How have all the factors above been brought together to estimate a fair value?
  • The analysts have a consensus price target of SEK146.667 for Haypp Group based on their expectations of its future earnings growth, profit margins and other risk factors. However, there is a degree of disagreement amongst analysts, with the most bullish reporting a price target of SEK220.0, and the most bearish reporting a price target of just SEK90.0.
  • In order for you to agree with the analyst's consensus, you'd need to believe that by 2028, revenues will be SEK6.3 billion, earnings will come to SEK279.3 million, and it would be trading on a PE ratio of 20.7x, assuming you use a discount rate of 6.2%.
  • Given the current share price of SEK147.0, the analyst price target of SEK146.67 is 0.2% lower. The relatively low difference between the current share price and the analyst consensus price target indicates that they believe on average, the company is fairly priced.
  • We always encourage you to reach your own conclusions though. So sense check these analyst numbers against your own assumptions and expectations based on your understanding of the business and what you believe is probable.

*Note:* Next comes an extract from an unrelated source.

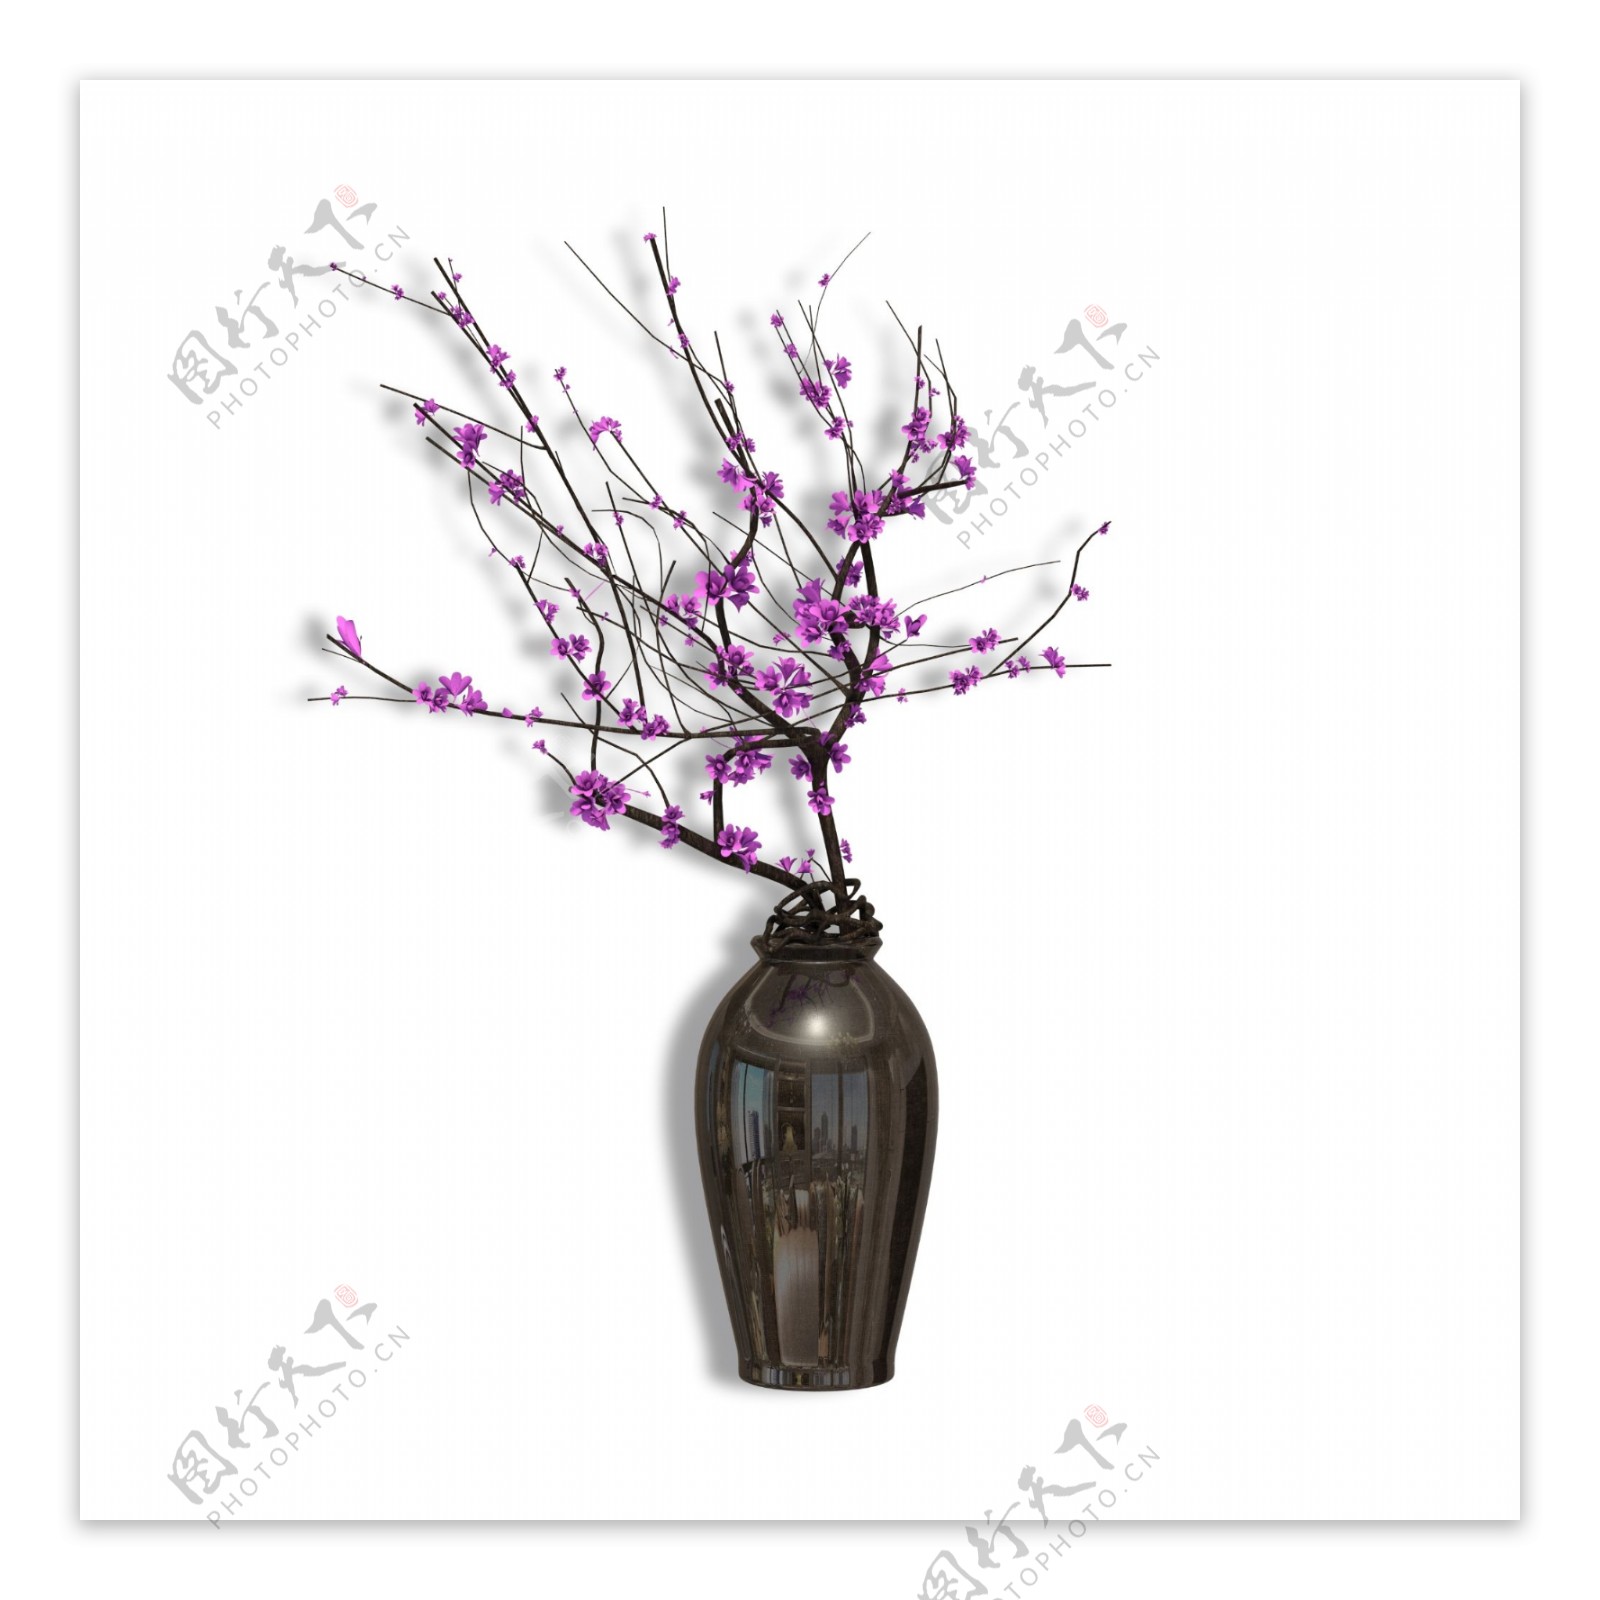 褐色花瓶紫色梅花

How well do narratives help inform your perspective?

Disclaimer

AnalystConsensusTarget is a tool utilizing a Large Language Model (LLM) that ingests data on consensus price targets, forecasted revenue and earnings figures, as well as the transcripts of earnings calls to produce qualitative analysis. The narratives produced by AnalystConsensusTarget are general in nature and are based solely on analyst data and publicly-available material published by the respective companies. These scenarios are not indicative of the company's future performance and are exploratory in nature. Simply Wall St has no position in the company(s) mentioned. Simply Wall St may provide the securities issuer or related entities with website advertising services for a fee, on an arm's length basis. These relationships have no impact on the way we conduct our business, the content we host, or how our content is served to users. The price targets and estimates used are consensus data, and do not constitute a recommendation to buy or sell any stock, and they do not take account of your objectives, or your financial situation. Note that AnalystConsensusTarget's analysis may not factor in the latest price-sensitive company announcements or qualitative material.